Despite these powerful approaches, studies indicate that classifying variants as pathogenic occurs in only a minority of cases and among variants reported in ClinVar, a public archive of relationships between human variation and phenotype, wherein a large proportion (37%) are classified as variants of unknown significance (VUS).
This project aims to address this key gap in knowledge, involving work in computational and/or cell biology studies, depending on the student skills and interests. For computational studies, this project aims to develop methods that integrate predictive, genome-wide identifiers of pathogenicity. We will use machine learning to build non-linear prediction methods that outperform individual prediction tools in identifying genetic causes of disease and accelerating clinical diagnosis of genetic diseases. For cell biology studies, we aim to use clinical genetics data (from the Australian Functional Genomics Network) to determine pathogenicity of variants from patients with inherited cardiovascular diseases.

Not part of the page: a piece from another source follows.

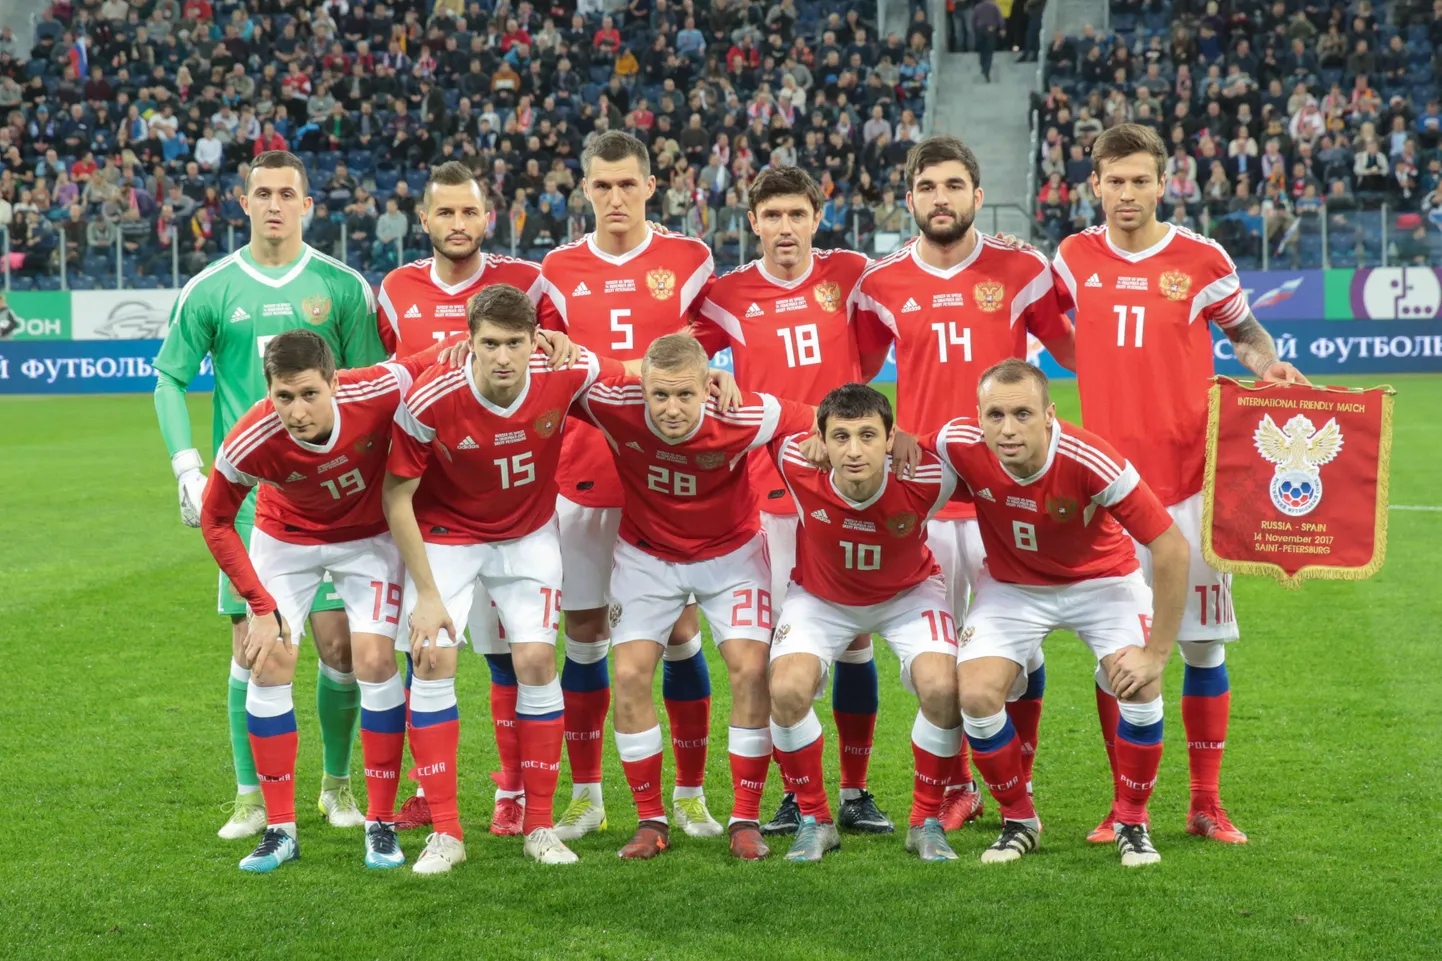 Venemaa jalgpallikoondislased 2017. aastal. Foto on illustreeriv.

The approaches will include: 1) cell modelling with human pluripotent stem cells (hPSCs), a disease-agnostic and scalable platform for high-throughput hPSC variant screening. To study variants in genes such as transcription factors that are known to cause genetic diseases, we will use molecular phenotyping by genome-wide proximity labelling with DNA adenine methyltransferase (DamID) to study how disease-causing variants alter regulatory control of the genome. Collectively, this aim implements computational predictions with disease modelling as an efficient, scalable, and disease agnostic pipeline to increase the diagnostic rate of unresolved cases.
*Qualifies for an Earmarked Scholarship.
Unravelling how epithelial tissues detect and respond to cell death and injury.

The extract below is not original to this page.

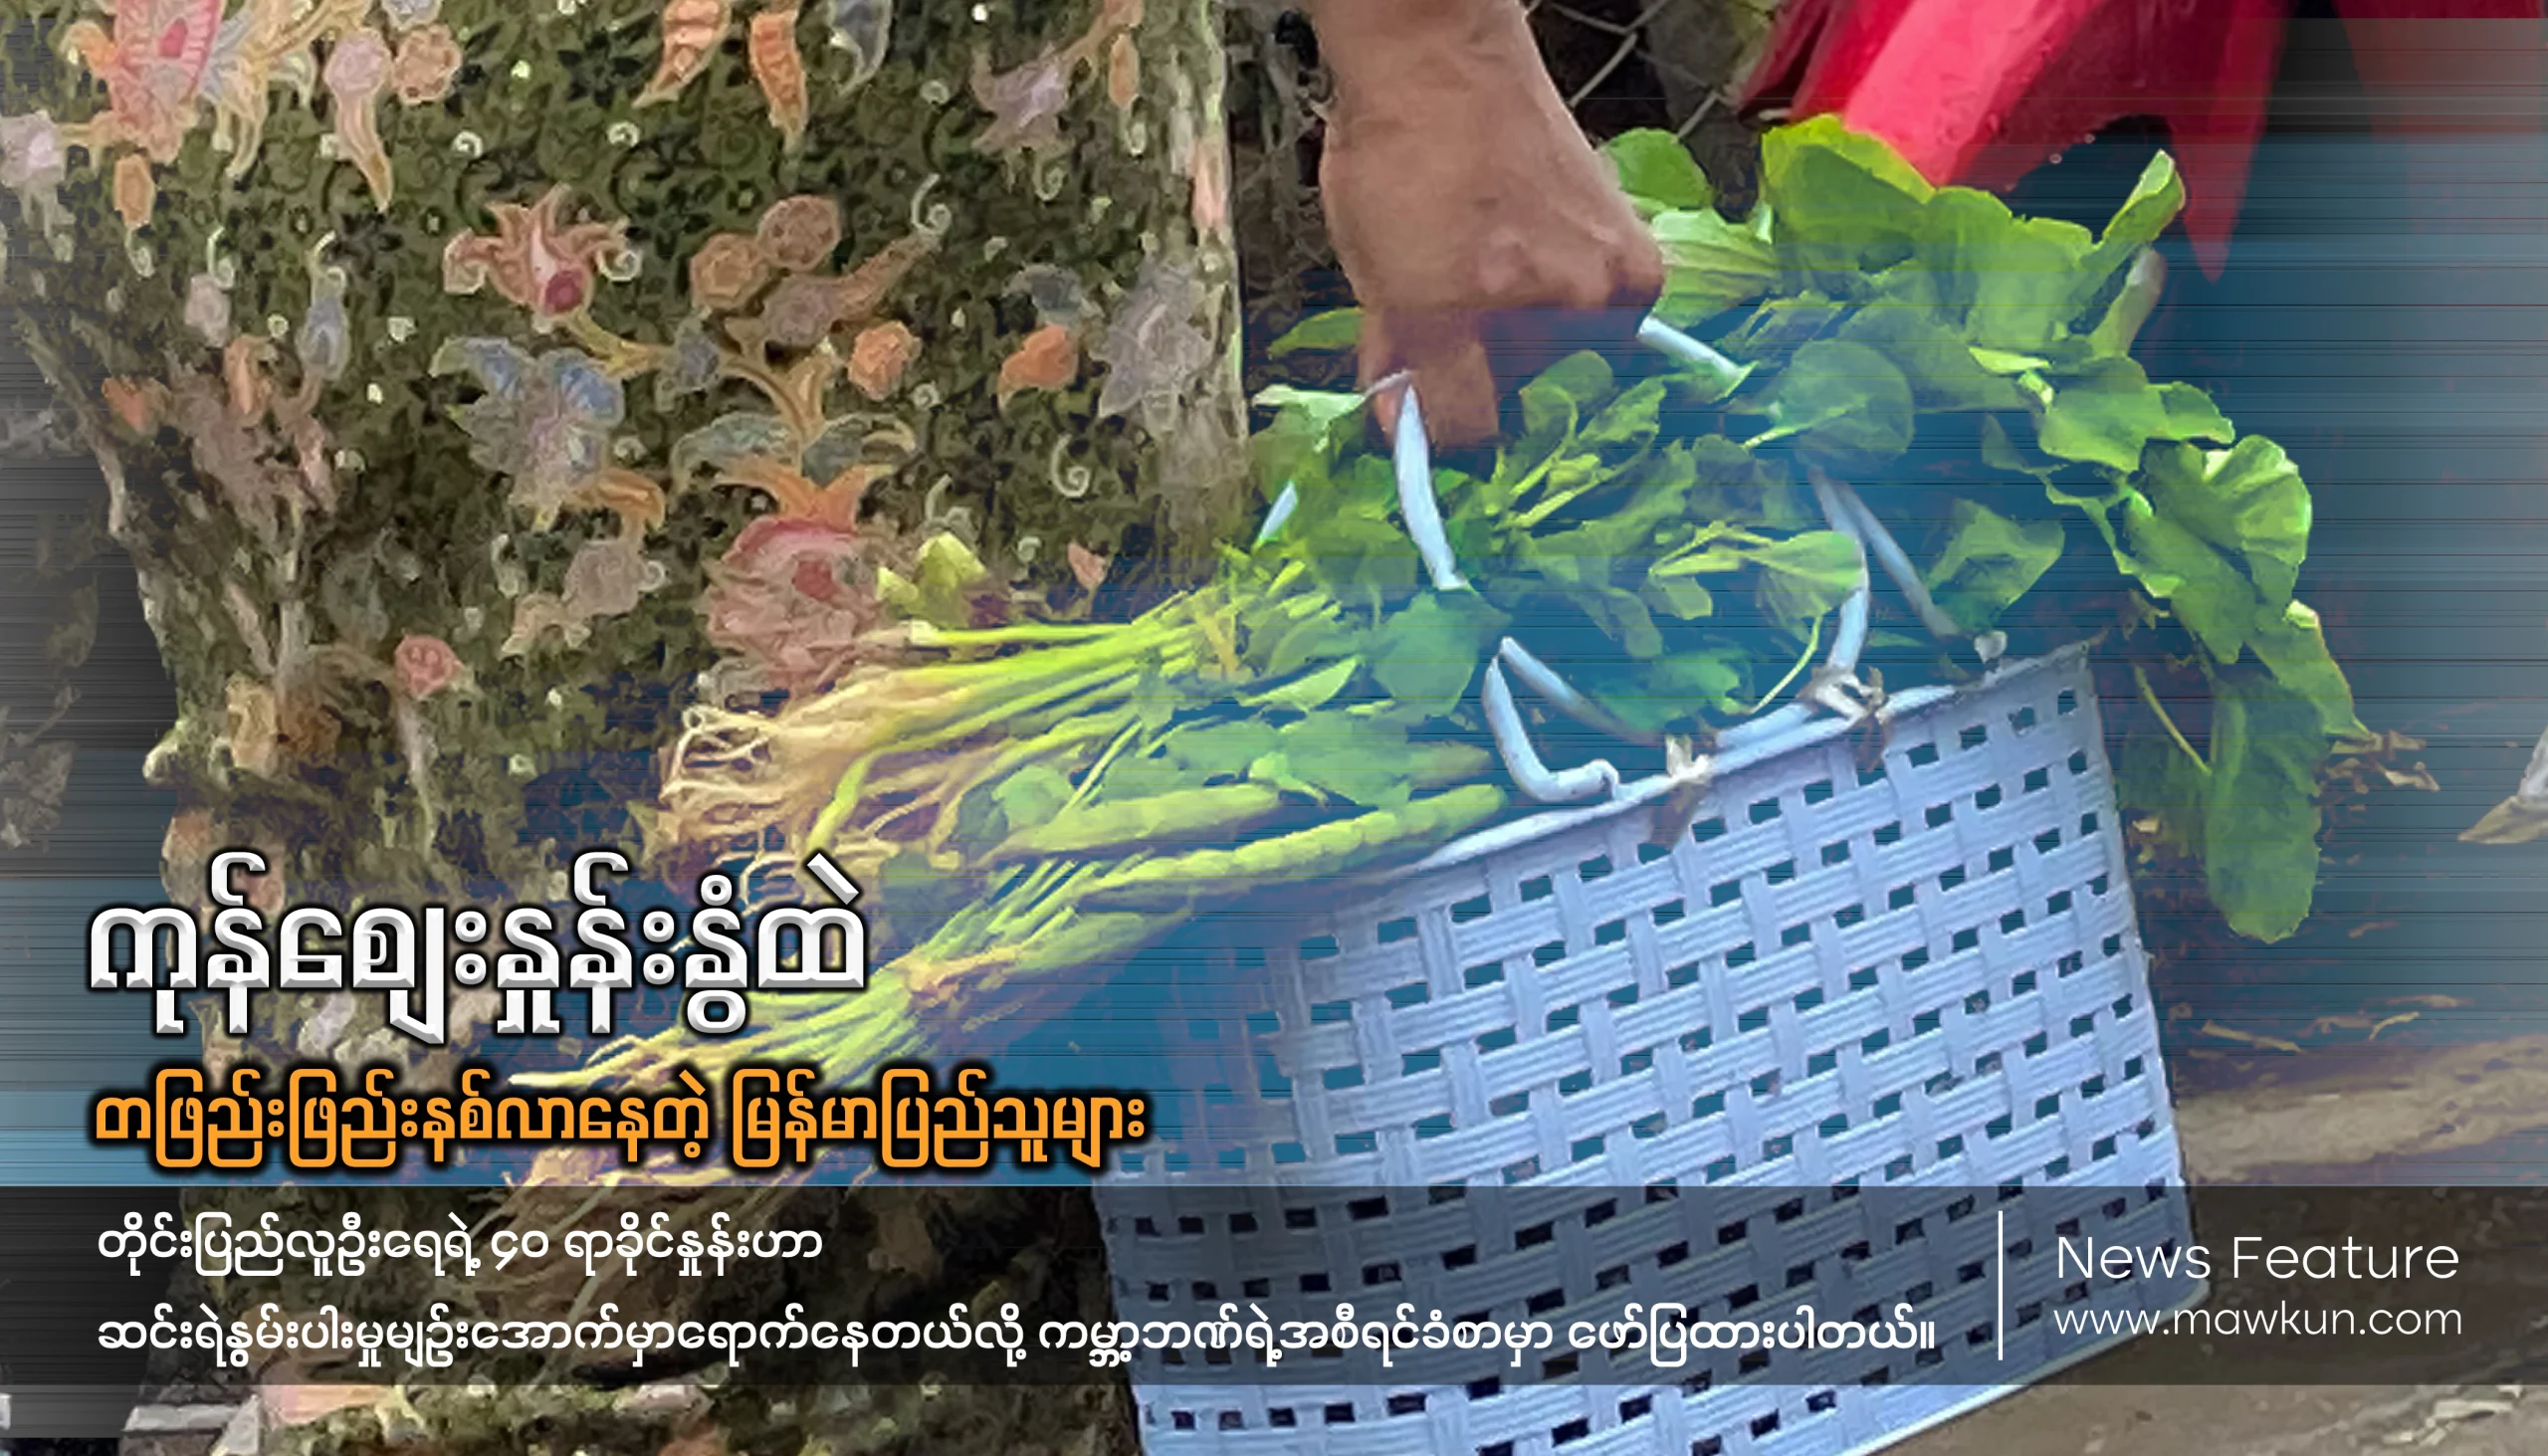 ကုန်စျေးနှုန်းနွံထဲ တဖြည်းဖြည်းနစ်လာနေတဲ့ မြန်မာပြည်သူများ

Principal Advisor: Prof Alpha Yap (a.yap@uq.edu.au)
Two PhD projects are available as part of Professor Yap’s ARC Laureate Program which commences in 2024. This prestigious 5-year program aims to understand how cells communicate with one another to detect injury in epithelial tissues such as the gastrointestinal tract and embryonic skin.

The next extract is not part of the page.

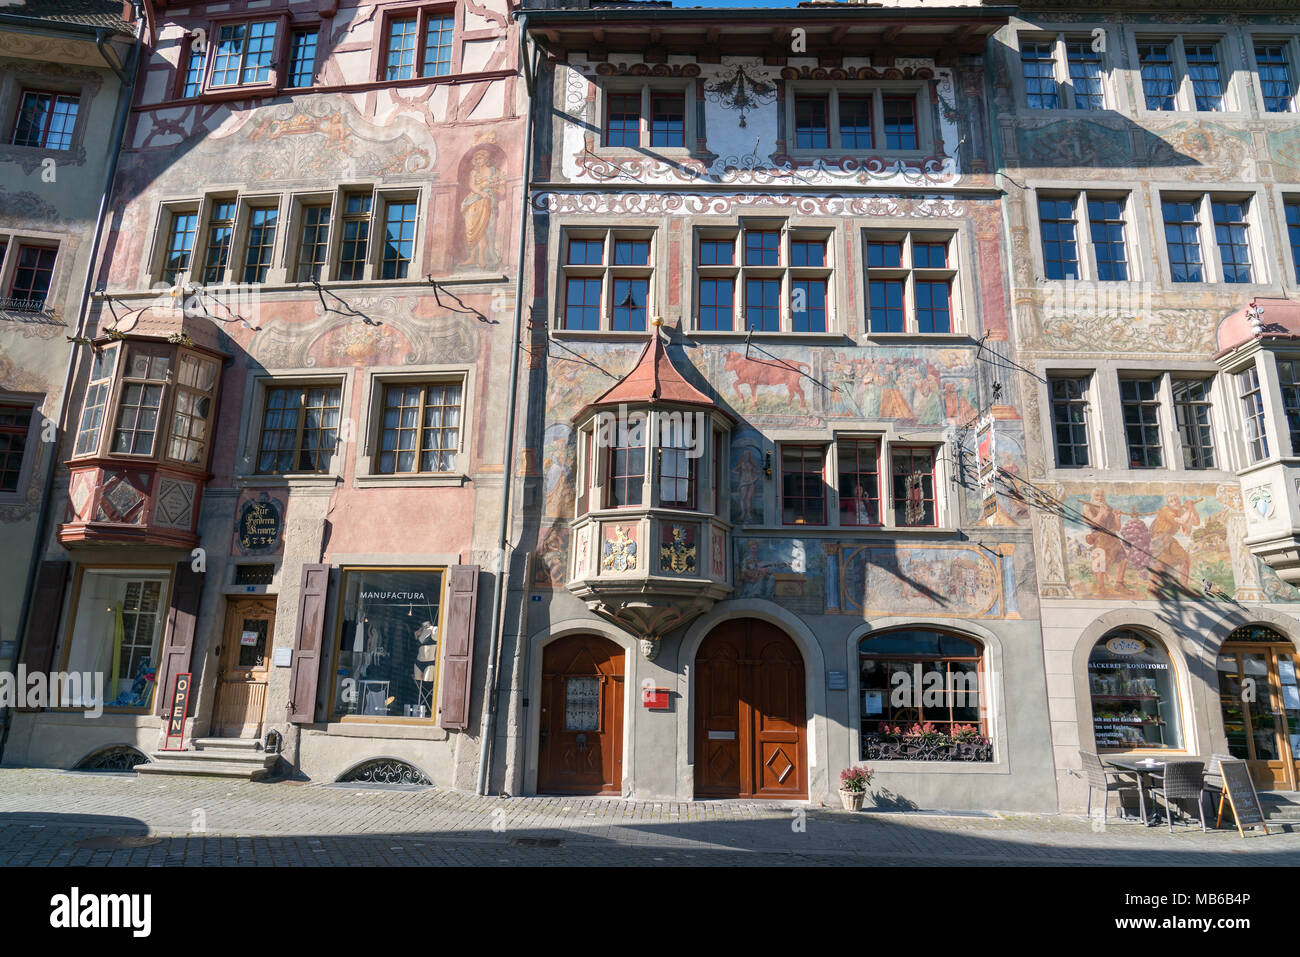 STEIN AM RHEIN, SWITZERLAND - MARCH 24, 2018 : Colorful painted old building in historic swiss town Stein Am Rhein in Switzerland Stock Photo

We propose that a key factor lies in how cells use mechanical forces to communicate with each other. We apply physical and cell biological approaches to understand how those mechanical forces are generated and detected for tissue health and repair. We use innovative approaches from different disciplines, including live-cell microscopy and genetic manipulation in zebrafish embryos; experimental tools and theory from physics that provide new ways to understand the biological phenomena; and testing how failure of mechanical communication may allow injury to disrupt tissue health through inflammation and infection.
Individual projects will be designed that emphasize different aspects within this overall program, tailored for the specific interests of students, which can range from biology to biological physics. Independent of the specific focus of an individual project, the interdisciplinary range of this Laureate Program provides an exciting opportunity for students to train across biological and physical disciplines, to enhance their capacity and versatility for the future.
*Qualifies for an Earmarked Scholarship.